CHILDHOOD

When I was in grammar school and living at 363 North 12th Street in Newark, New Jersey, I was going to First Avenue School. And going to the First Avenue School at the age of 10, my mother had another child. The child was born with a broken arm and they brought him home, and we had a little brother. 

I continued to go to school at First Avenue. When I was at school, the teacher switched me from lefty to righty and every time I’d try to switch back to lefty, the teacher’s name was Mrs. Redcosson, and she would hit me on the hand and say, “No, you have to use your right hand.” Consequently, it hurt me very much because I became very slow in reading. My parents sent me for remedial reading in Rectors, in Newark, and even until this day, I have a problem. I can read very well and comprehend what I’m reading, but when I try to read out loud, it sounds like a two-year-old child reading. But I do very well on my own reading and comprehending what I’m reading. 

I went to grammar school and when I was in fourth or fifth grade, the guys started to abuse me because I lived in a Catholic neighborhood and I was a Jew. They used to beat me up all the time and my father said, “Well if they beat you up or take advantage of you go home and get a baseball bat and hit them.” So one winter we were sleigh riding and Joe Anjurio took my sled and he wouldn’t give it back to me and he said, “Jew tell your rich parents to buy you another one, this sled is mine.” So I went home, got a baseball bat, went back and hit him in the leg and broke his leg. 

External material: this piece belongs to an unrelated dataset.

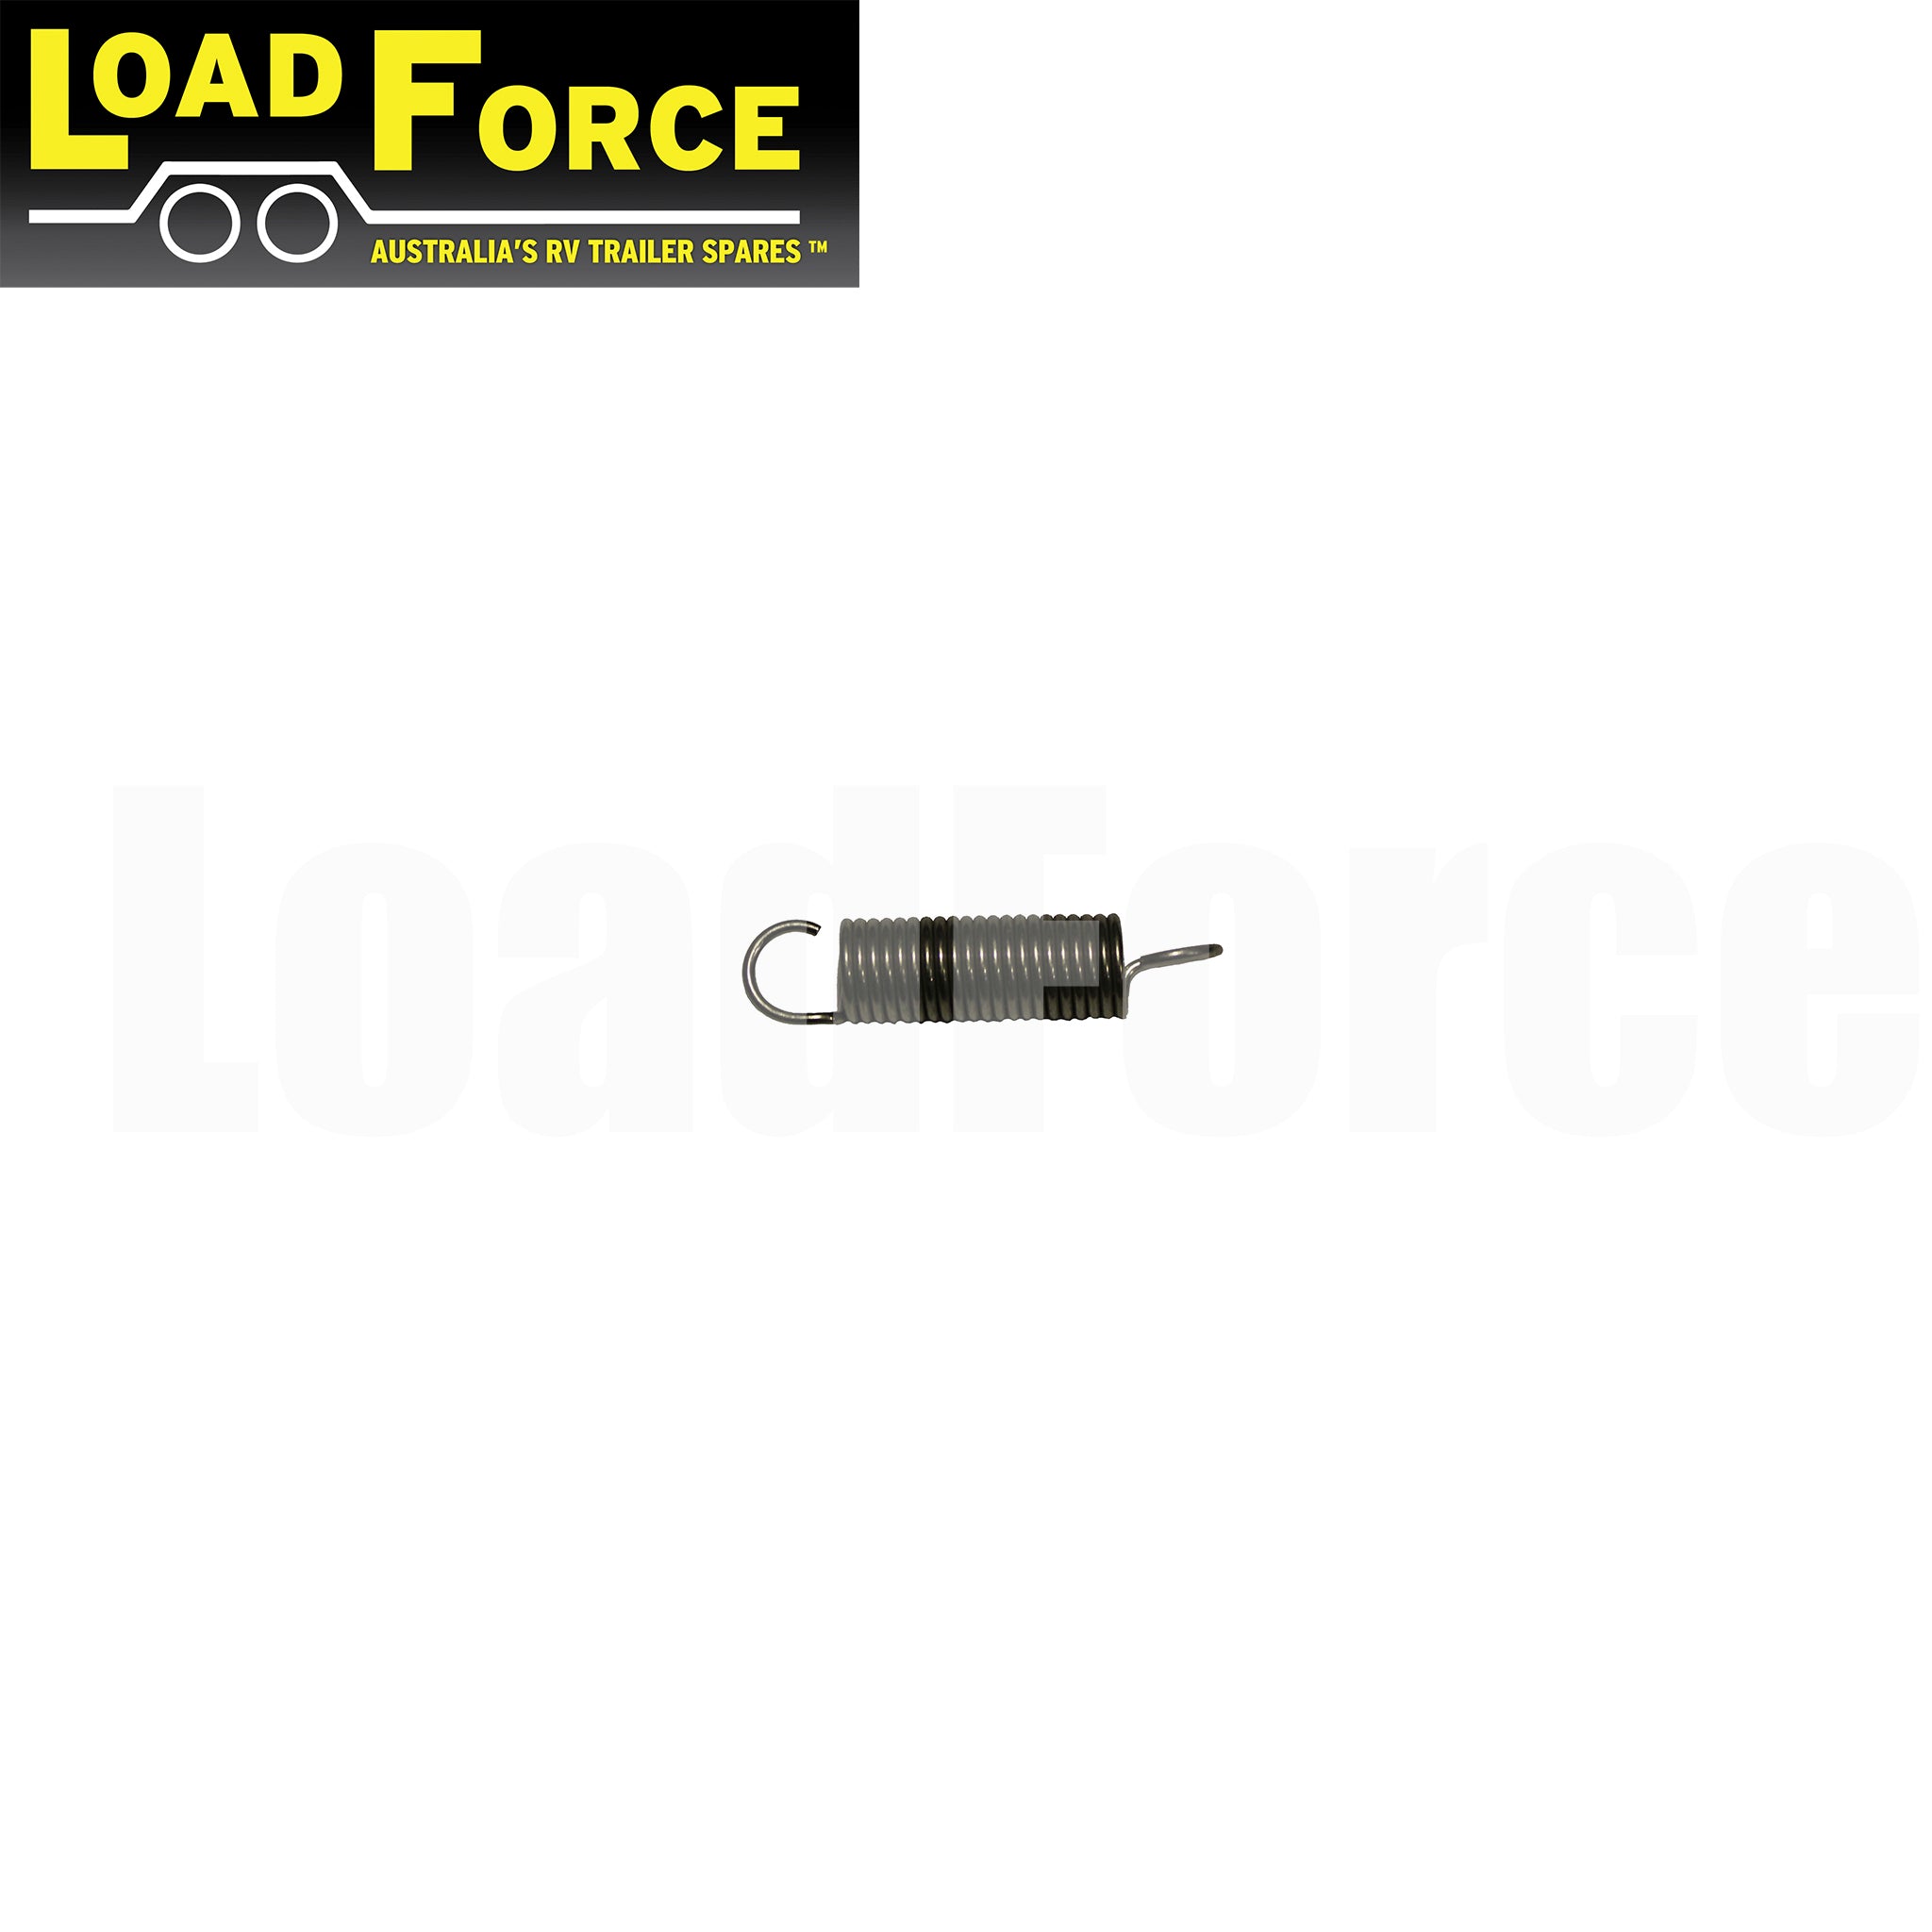 Stainless return spring for LoadForce TA100 and A100 mechanical caliper

Consequently his father came to my house and wanted my father to pay for the hospitalization and my father said to me, “Tell his father the story.” So I began to tell him the story – that he took my sled, didn’t want to give it back, told me, “Jew you have a lot of money tell your parents to go buy you another one.” His father smacked him in the head, took him home and that was the end of that one. 

I also had to learn to fight because when I used to go to the candy store they always wanted to get the Jewish boy and take his candy away. So I learned how to fight and I also earned money myself. I started to deliver newspapers and my mother used to get up early in the morning, help me fold the newspapers and then I’d go out and deliver them, come home and eat breakfast.